Getting Datasets for Data Analysis tasks - Useful sites for finding datasets
Open data fuels innovation. It enables people to focus more on research than on data collection, which is both time-consuming and expensive.
The video above is a hands on version of the article. You should read the article first and follow the video for a hands on part.
In the series — Getting Datasets for Data Analysis tasks, we are looking at ways to access datasets from the internet. In the first part, we learnt to streamline Google search to find only specific files on the web. In this part, let’s look at some of the sites, which host free and openly available datasets which can be used for the data analysis tasks.

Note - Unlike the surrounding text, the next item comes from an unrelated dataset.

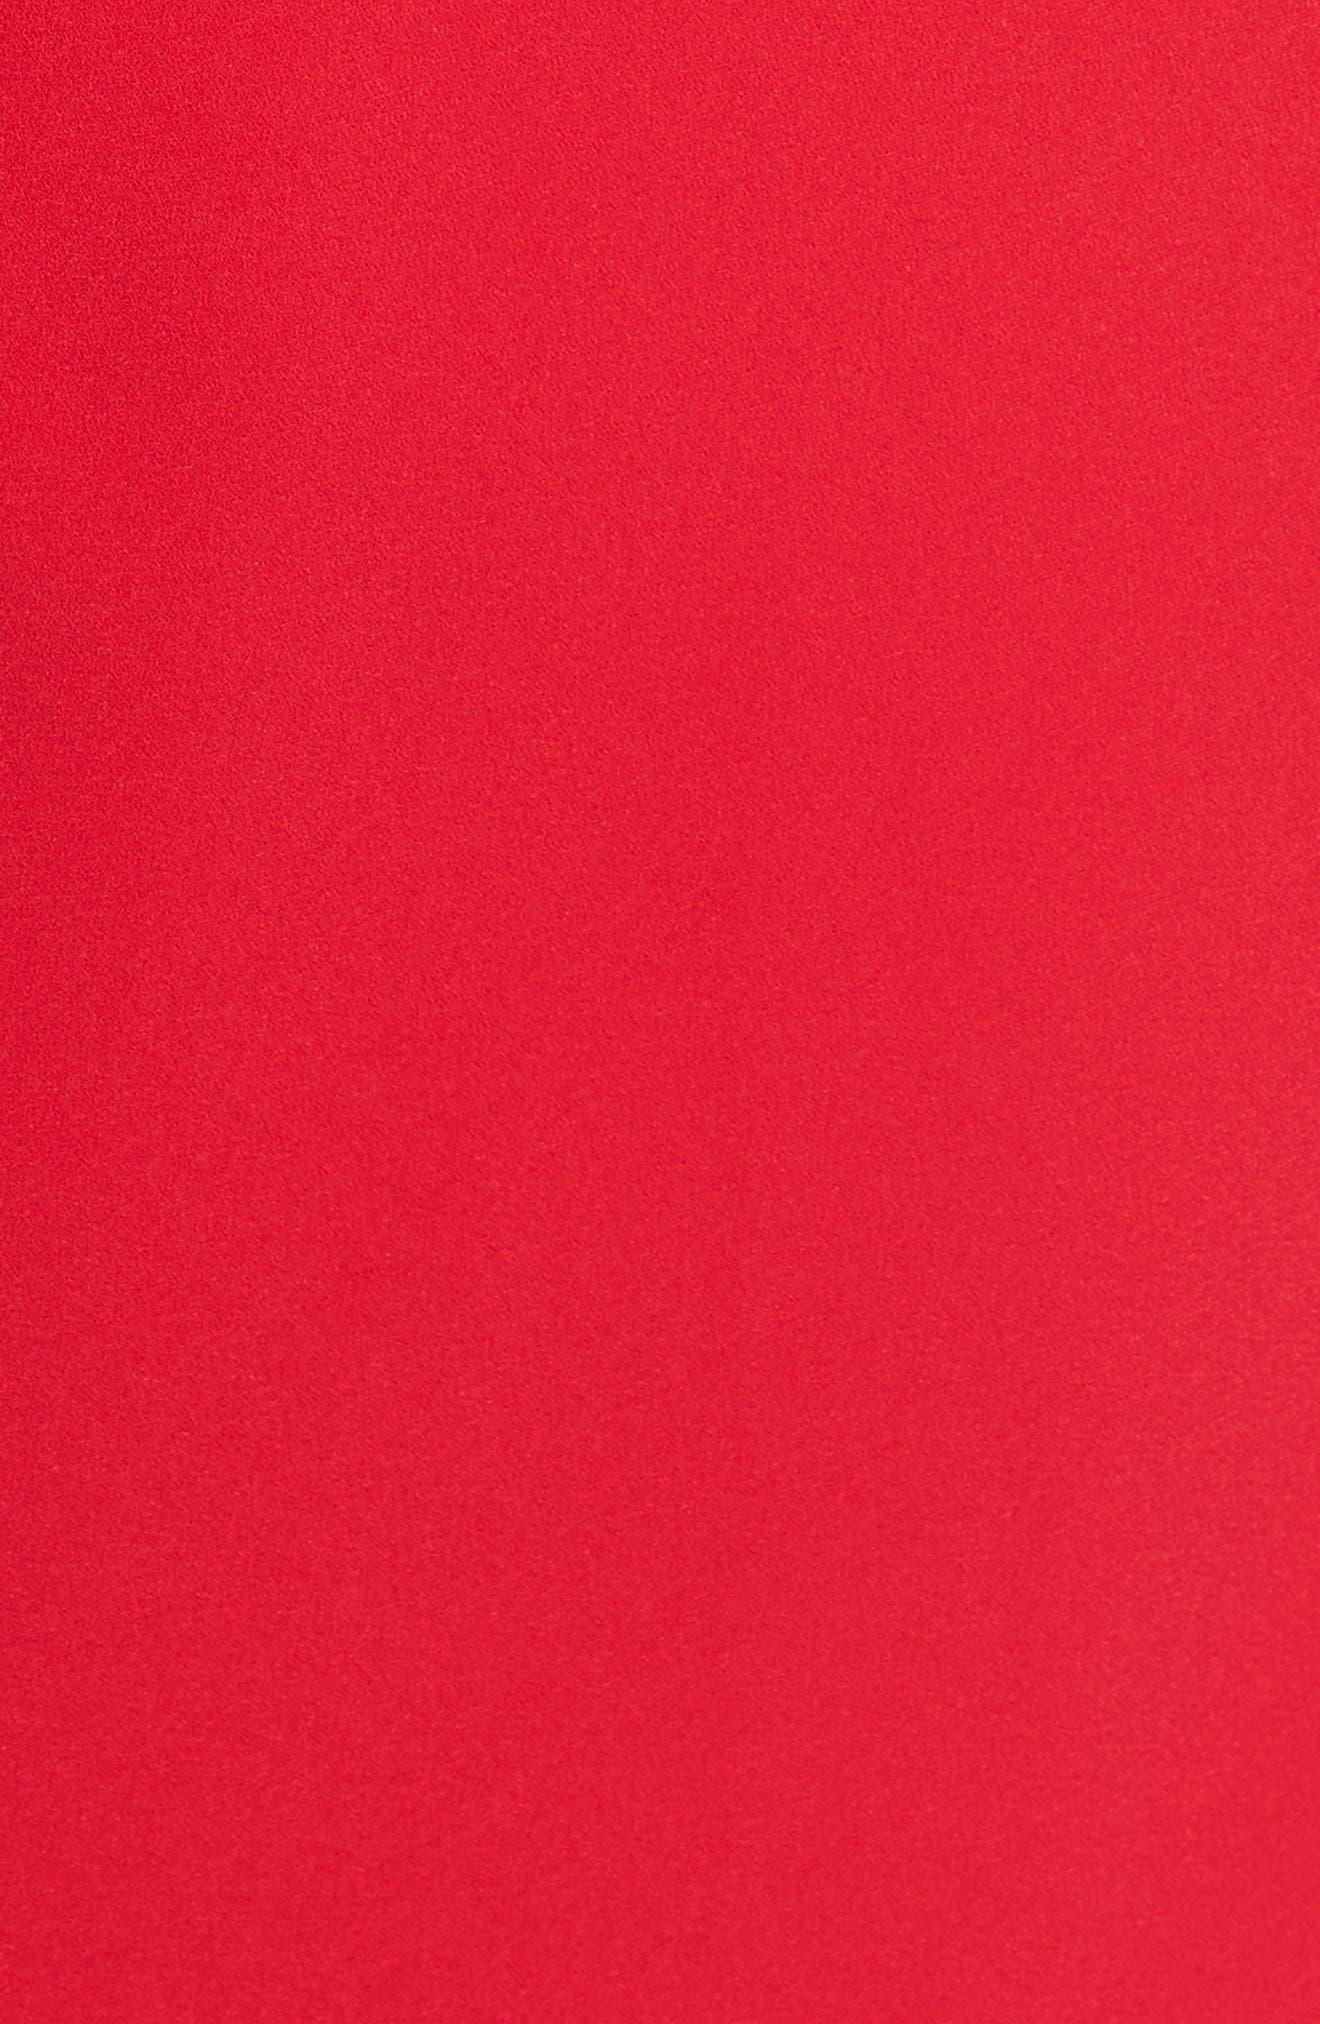 Asymmetrical Crepe Sheath,                             Alternate thumbnail 6, color,                             600

Some of the sources are pretty well known in the data science community like the UCI Machine Learning Repository, Kaggle datasets and Data.gov. Hence I shall not touch upon them in this article.
Is the data FAIR?
Making data available publicly is vital for the benefit of the Making data available publicly is vital for the benefit of the research community and society as a whole. However, the shared data should follow some essential guidelines so that it can be put to maximum use. In “The FAIR Guiding Principles for Scientific Data Management and Stewardship,” Wilkinson et al., lay down the principles for data management and data sharing. FAIR is an acronym that stands for data that is — Findable, Accessible, Interoperable and Reusable.
Let’s now look at some of the useful sites for finding open and publicly available datasets, quickly and without much hassle.
1. Google Dataset Search
Google Dataset Search is a search engine dedicated to finding datasets. It is a search engine over metadata from data providers. This implies that it indexes over the descriptions of a dataset instead of its content. So if a dataset is available publicly, there is a good chance, that it will pop up in the Google dataset search. At the time of the launch, Dataset Search had almost 25 million different datasets from across the globe. Google dataset search relies on keyword search and like regular Google search offers a neat autocomplete option when looking for datasets on this site.
If you wish to make your own datasets discoverable in Google Dataset search, make sure you use an open standard (schema.org) to describe the properties of your dataset on your own web page.
So, if you have a dataset on your site and you describe it using schema.org, an open standard, others can find it in Dataset Search.
🔗 Link to the site: https://datasetsearch.research.google.com/
OpenML is an open data science platform meant to democratize machine learning research. It provides a large amount of data from a variety of domains ranging from healthcare to education to climate change.
Every dataset on this site has a dedicated webpage, and the data can be downloaded in multiple formats like CSV, JSON, XML etc. OpenML can also be used to build machine learning models, and those models can then be uploaded online so that others could use them.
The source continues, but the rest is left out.